Stephen M. Robinson (large image)

Vicki M. Bier

Vicki M. Bier (large image)

Interstate travel. Electric power. Clean, running water. We take these and other networked elements of our nation’s infrastructure for granted — until they’re disrupted. Then the results, even on a personal level, are catastrophic: How do we get from point A to point B? How do we check our E-mail, or keep the food in our refrigerator and freezer cold? Where do we get water to drink, or to wash with, or to bathe in?

Even before the September 11, 2001 terrorist attacks on the World Trade Center towers and the Pentagon, the U.S. Department of Defense began funding research in which investigators could study ways to protect the nation’s critical infrastructure.

UW-Madison received such a grant in spring 2001. Led by Professor Stephen Robinson, the five-year, $4.2 million project involves 11 researchers from four universities, including the University of Central Florida, Florida State University, and George Washington University.
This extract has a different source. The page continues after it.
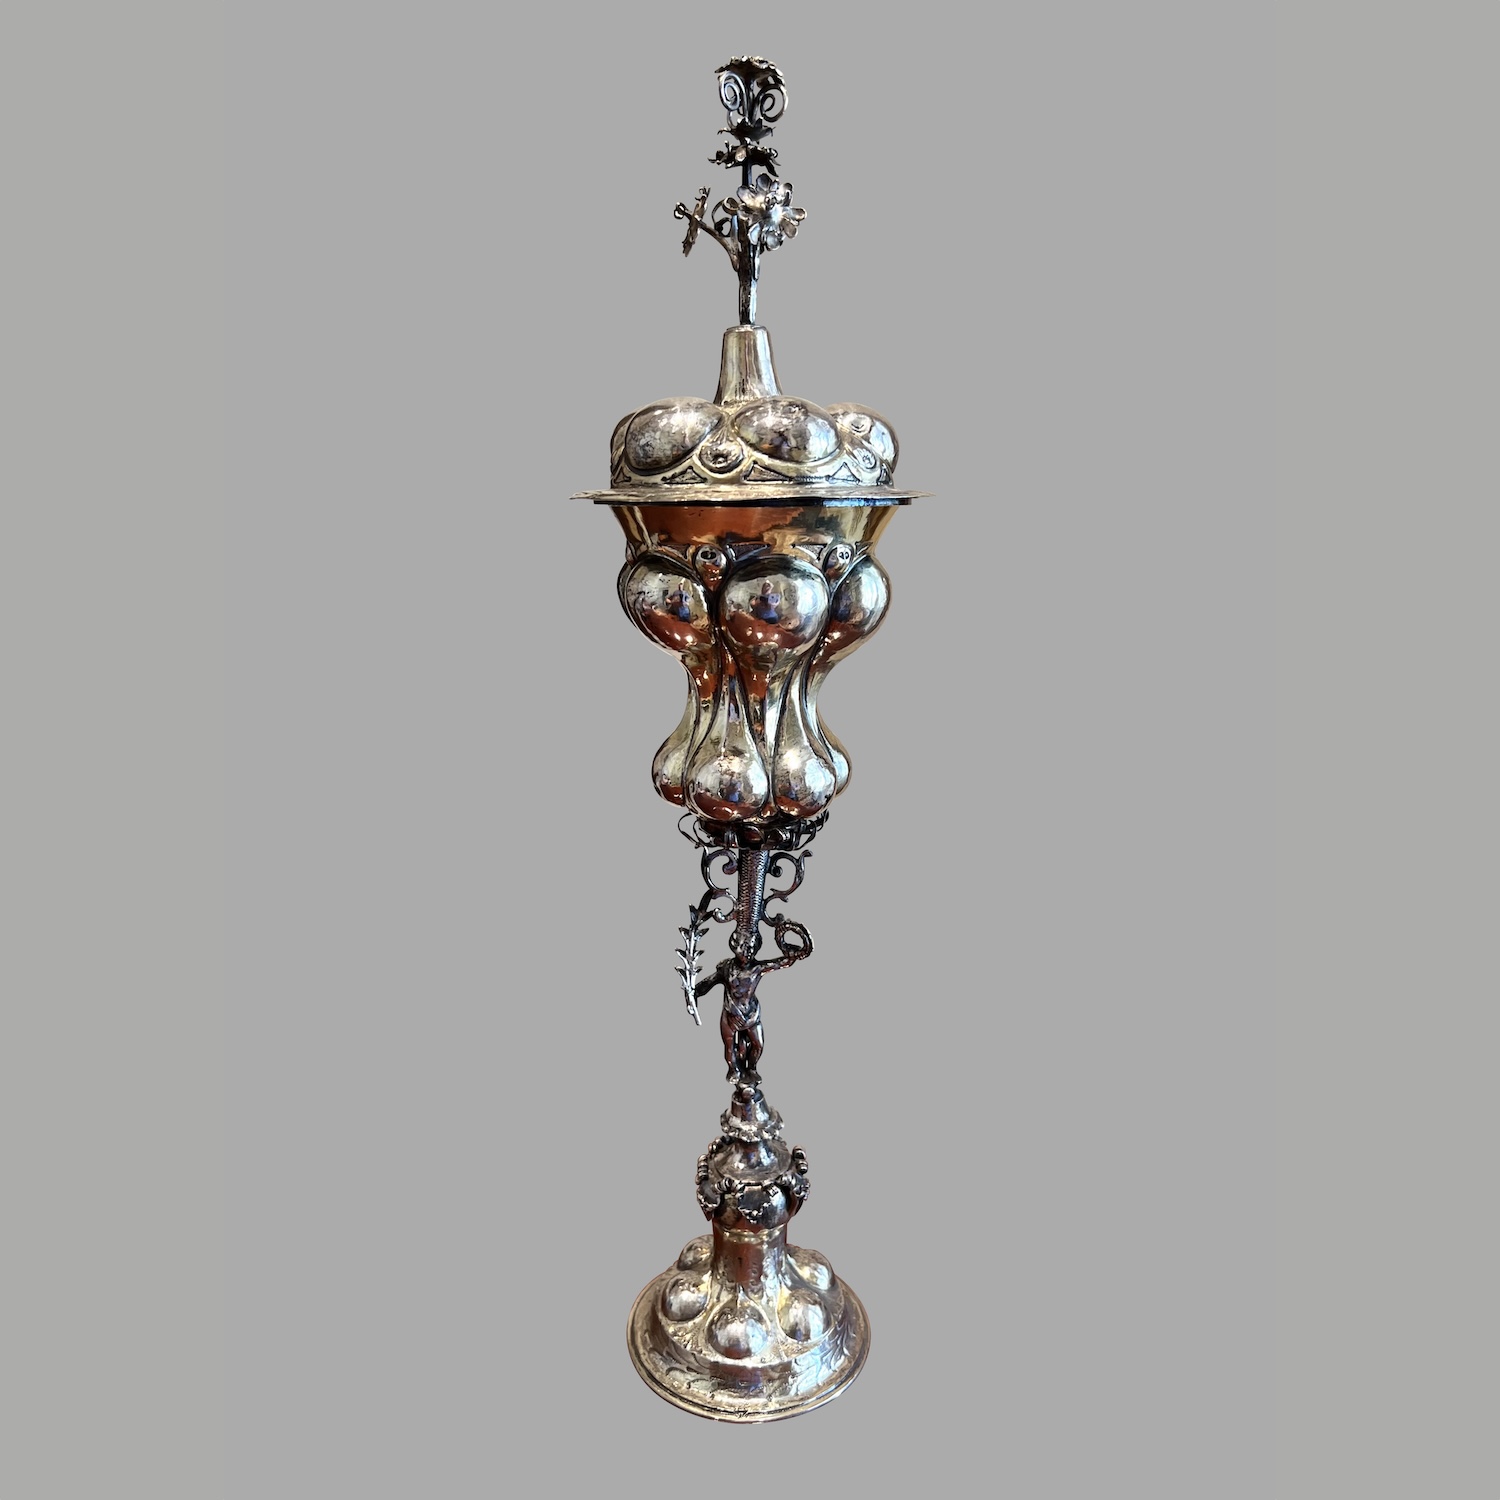 seventeenth-century-nuremberg-silver-gilt-goblet-cover-a1021-41
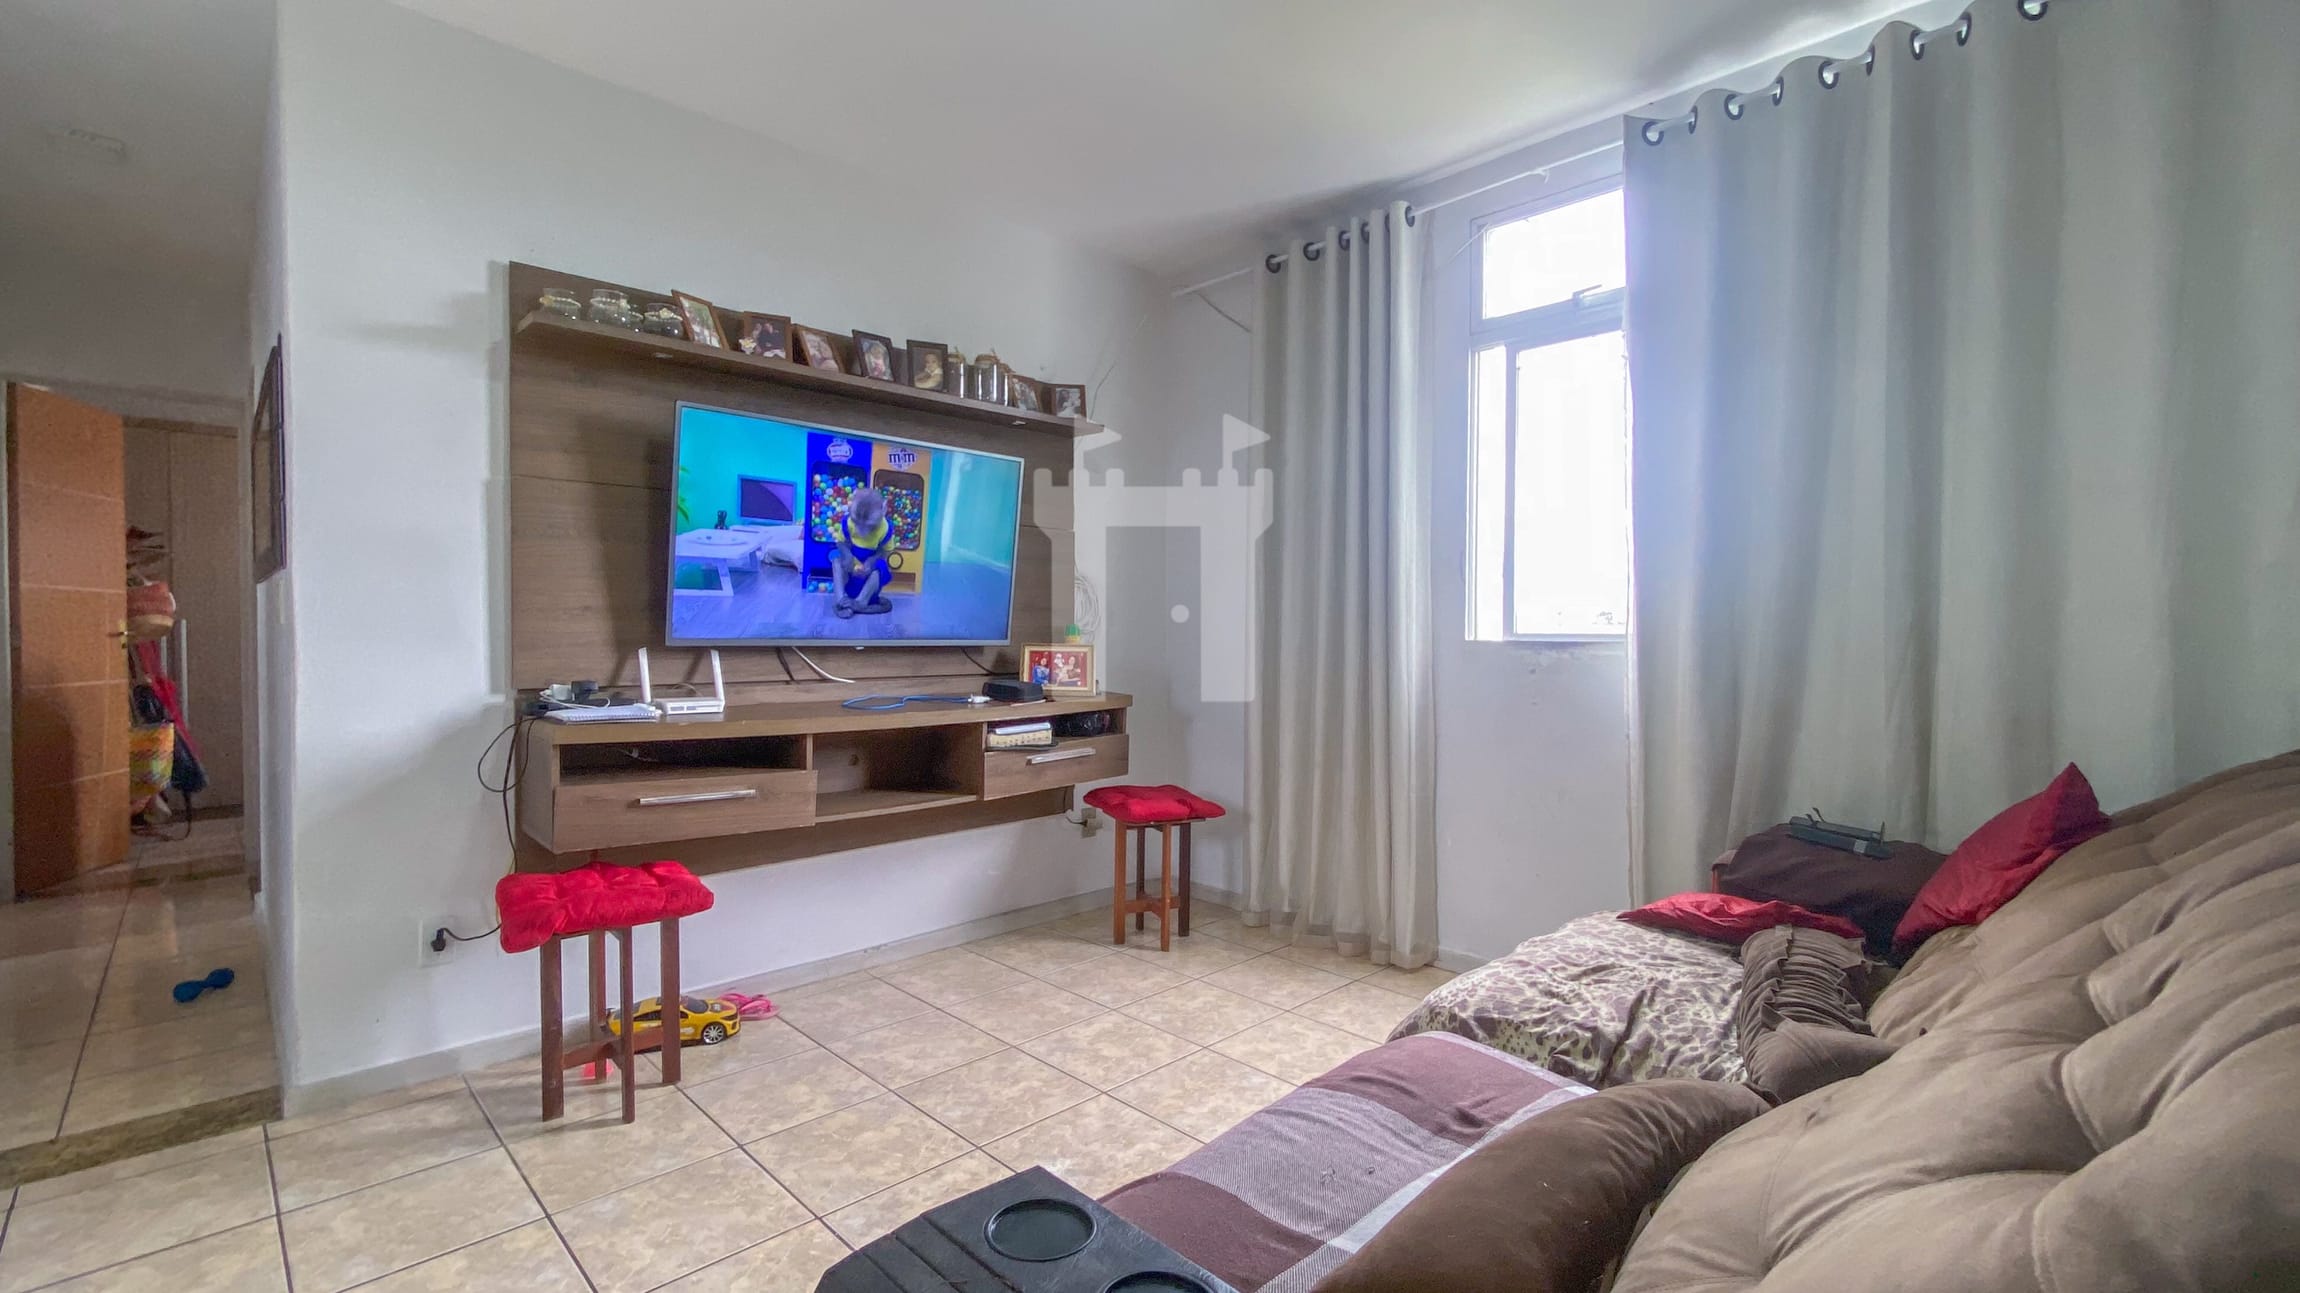 Apartamento em Castelândia, Serra/ES de 60m² 3 quartos à venda por R$ 169.000,00

On campus, investigators are focusing efforts on resource allocation, human factors, and information security. Professor Vicki Bier is studying how best to spend a limited budget on strengthening a system. Using a combination of game theory and reliability analysis, she has developed a number of rules of thumb that can apply to a variety of systems.

Foremost, Bier says, is understanding the attackers’ motivations, and anticipating what they are likely to attack — whether it be a system’s weakest point or an aspect that will do the most damage. “Does the attacker want to do the most damage? If so, they may target the Sears Tower instead of the Wisconsin State Capitol,” she says. “If the attacker doesn’t care about damage but only wants the highest probability of success, then maybe they’ll target some building in downtown Madison because it’s not going to be as well protected.”

Also important is whether the system contains backups or alternatives, such as two transportation routes to the same destination. “If I have two or more or several backups, then I can choose which one of them to harden based on which is the most cost-effective,” says Bier.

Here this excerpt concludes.